:: Provided records ::
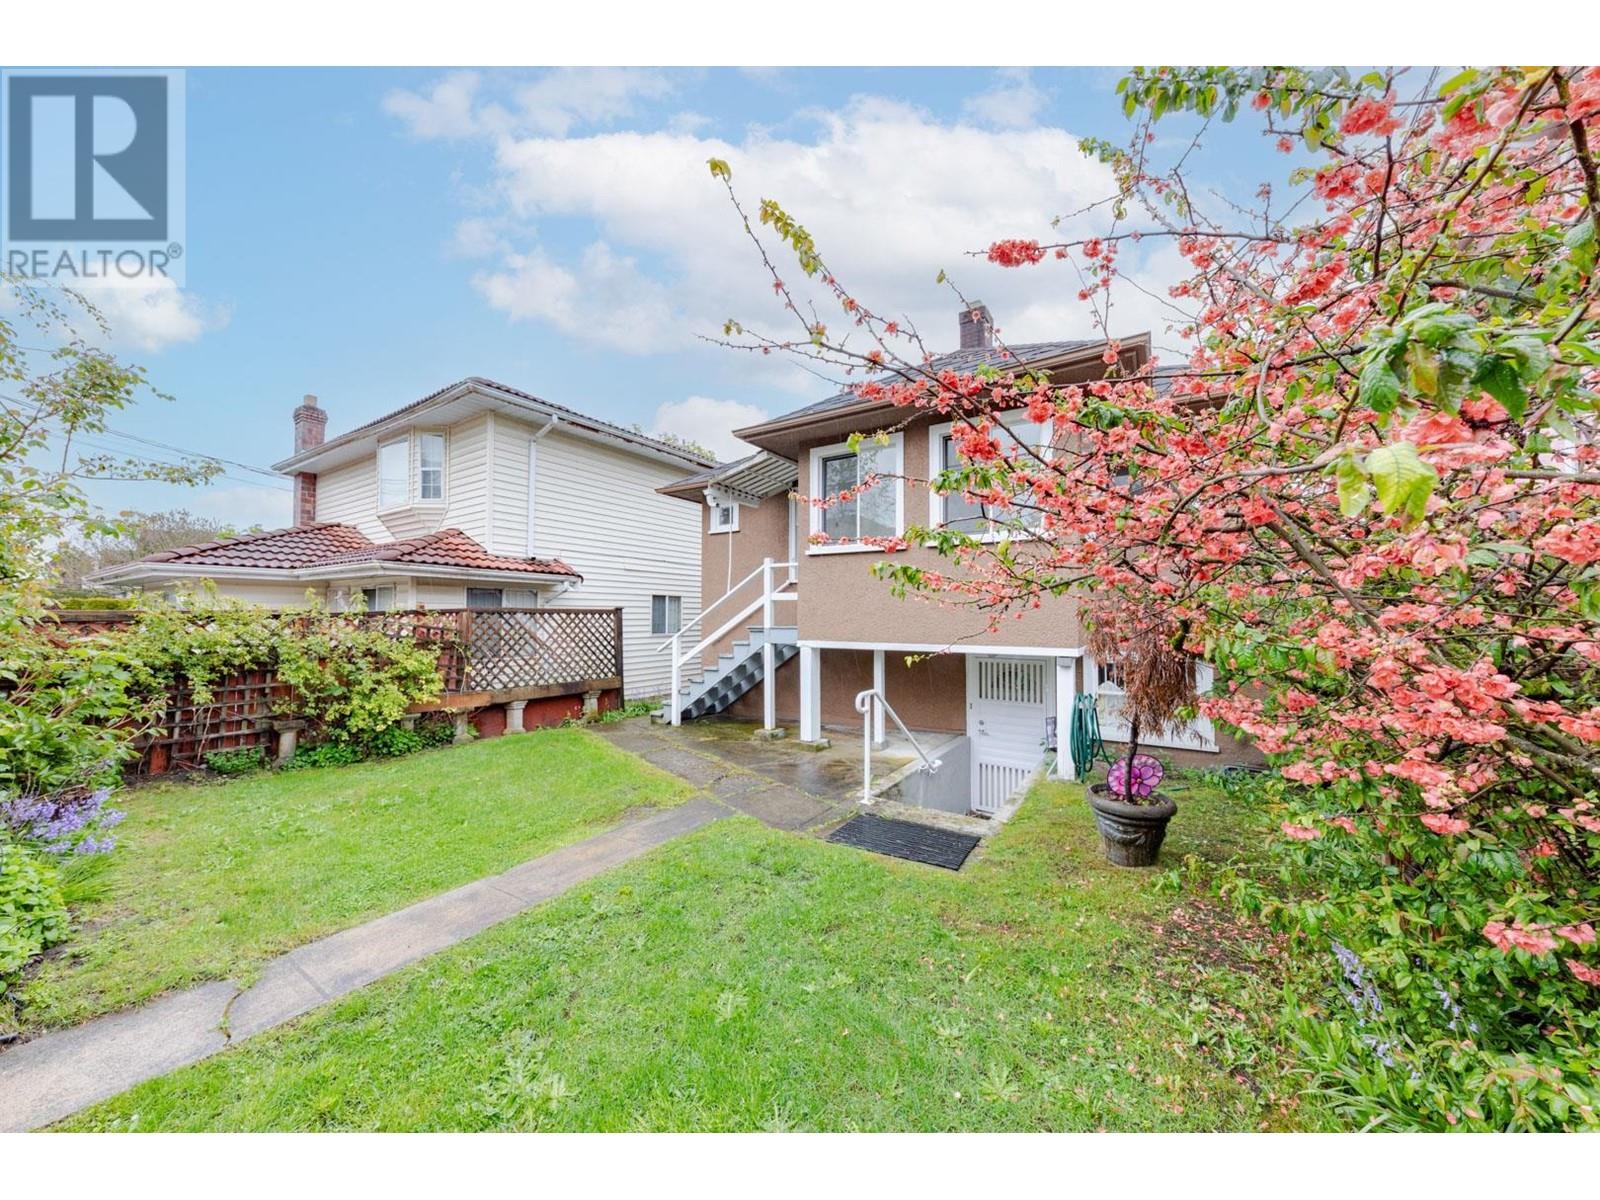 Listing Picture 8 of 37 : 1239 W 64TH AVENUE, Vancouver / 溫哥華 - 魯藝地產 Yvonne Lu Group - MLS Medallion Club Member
* * *
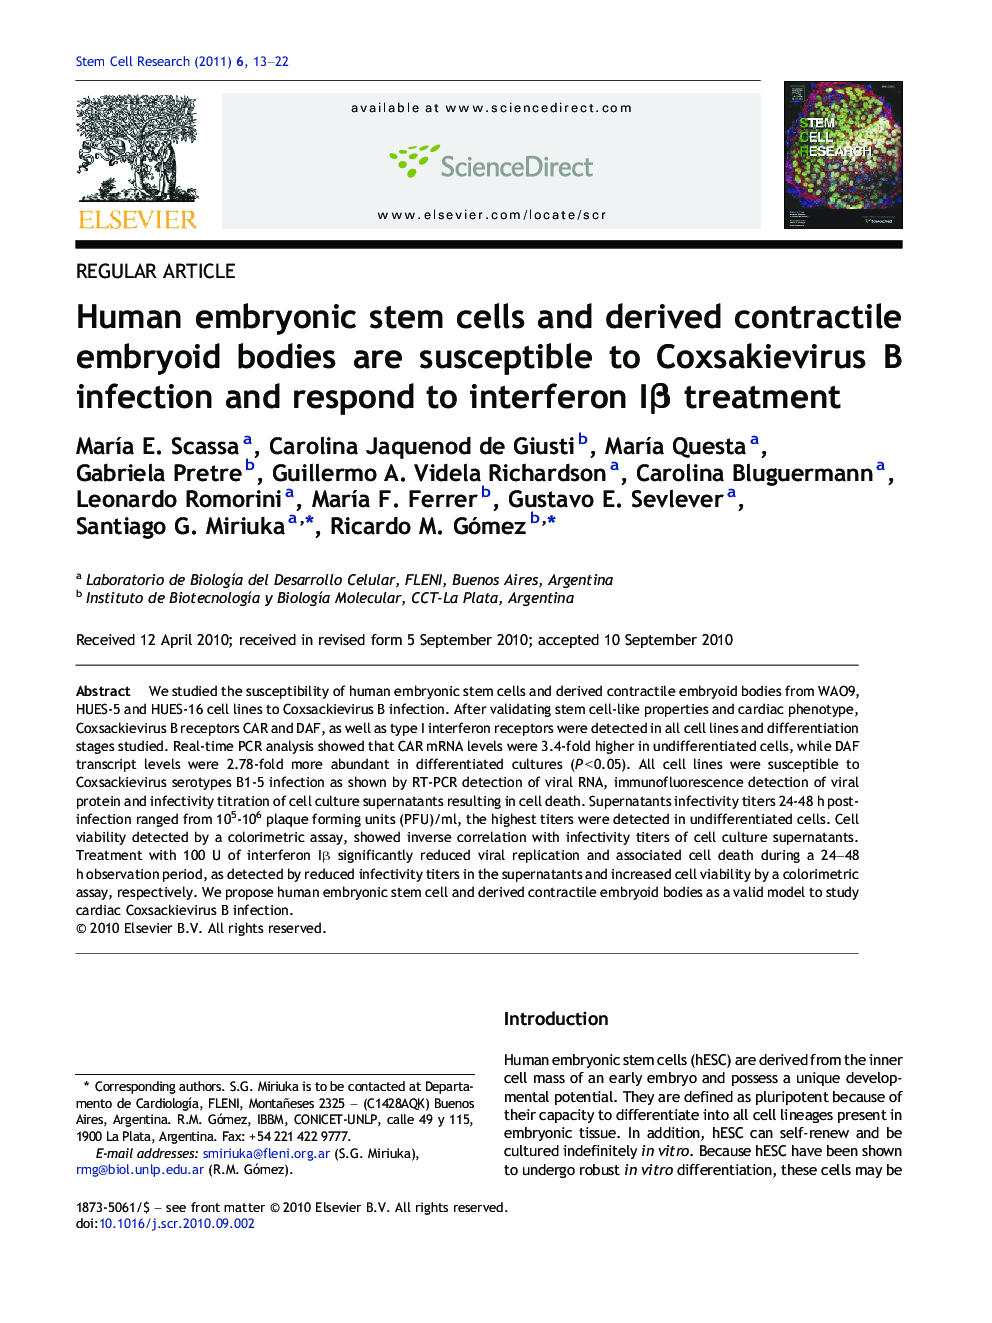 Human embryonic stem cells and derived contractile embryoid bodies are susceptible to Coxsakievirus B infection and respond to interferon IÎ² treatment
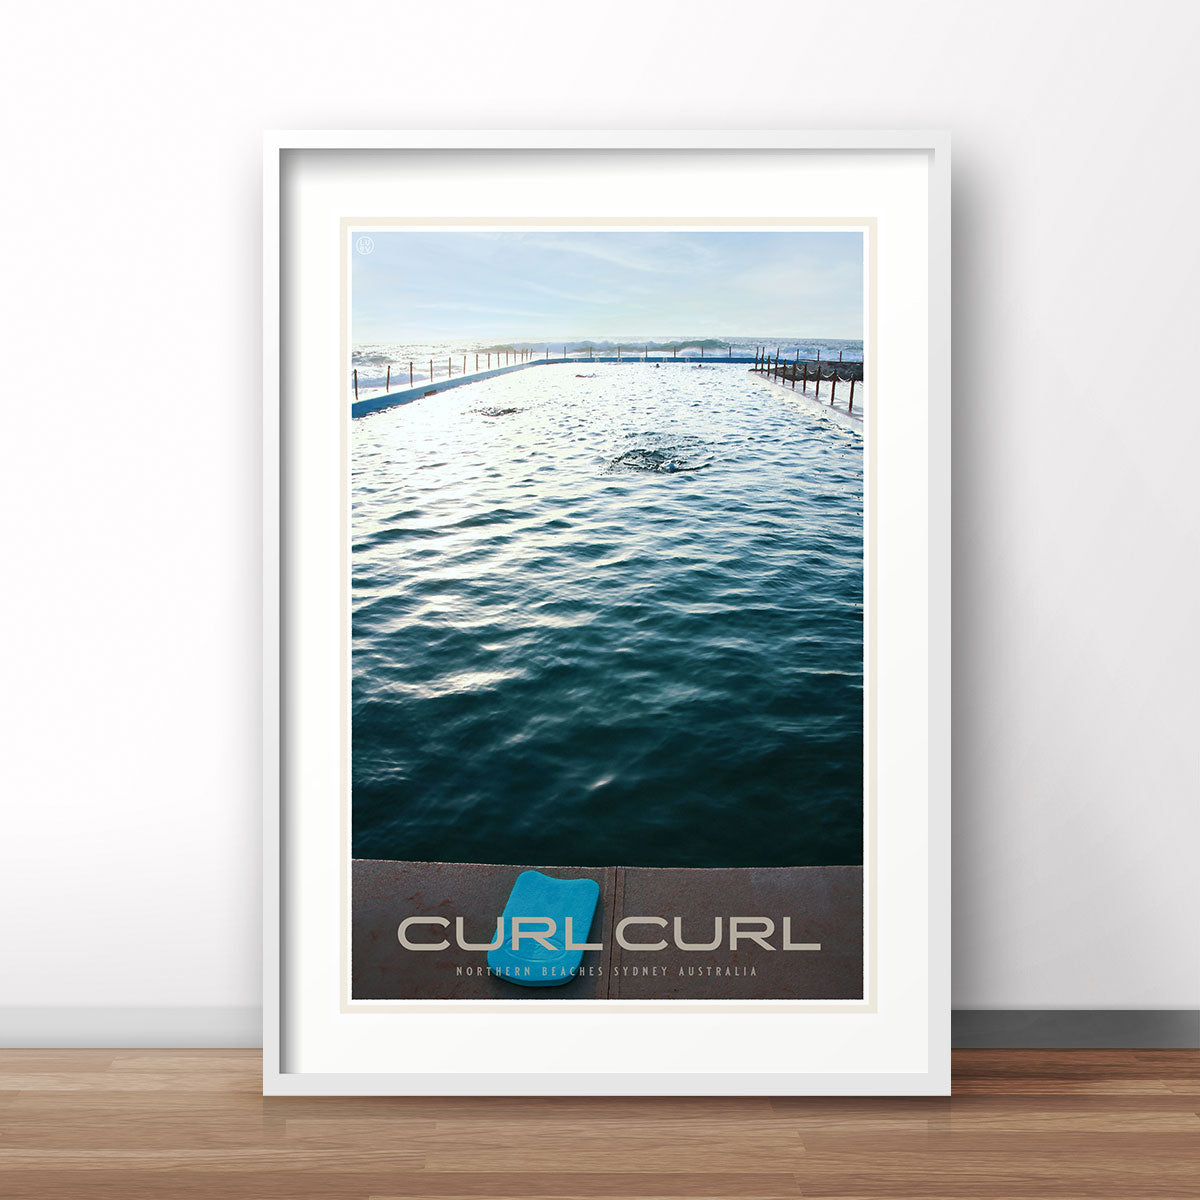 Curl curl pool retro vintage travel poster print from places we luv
--
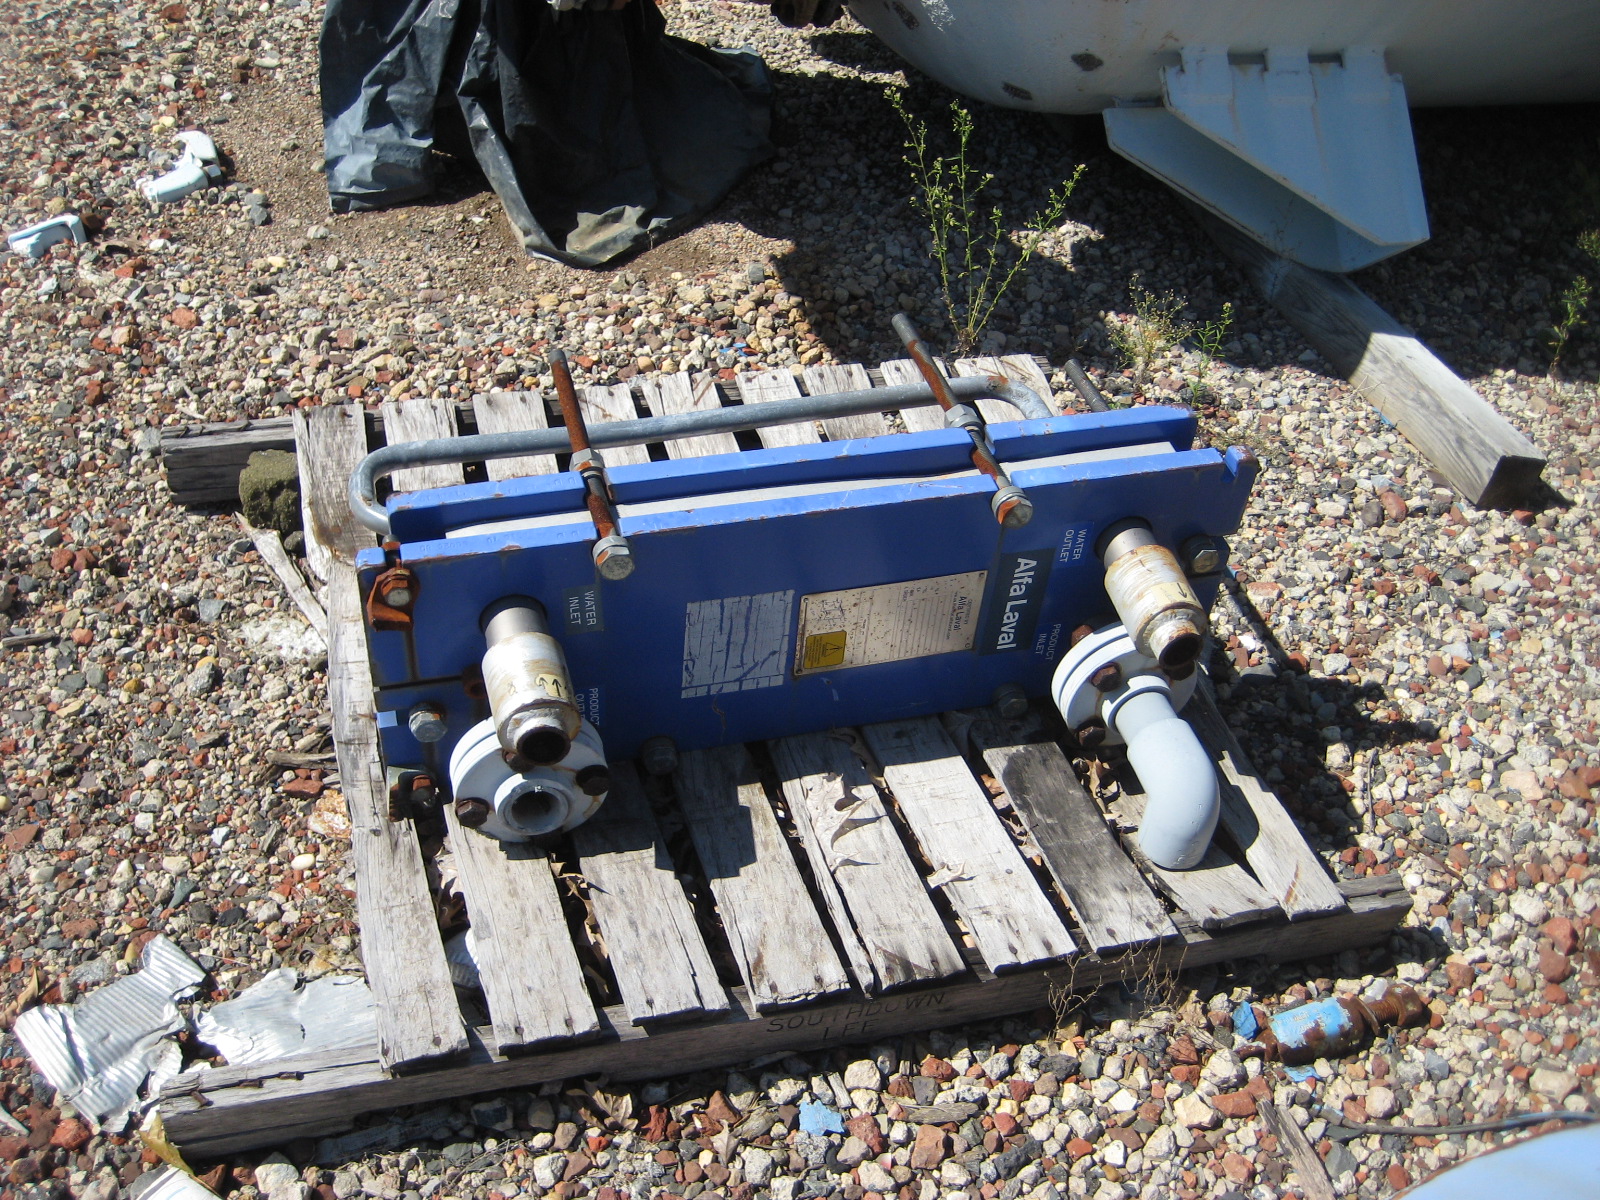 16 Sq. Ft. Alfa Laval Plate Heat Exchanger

:: Task item ::
Using the data above, return the lines from the one holding "Human embryonic stem" through the one holding "Curl curl pool" exactly, but not the pictures.

:: Output for this exercise ::
 Human embryonic stem cells and derived contractile embryoid bodies are susceptible to Coxsakievirus B infection and respond to interferon IÎ² treatment
 Curl curl pool retro vintage travel poster print from places we luv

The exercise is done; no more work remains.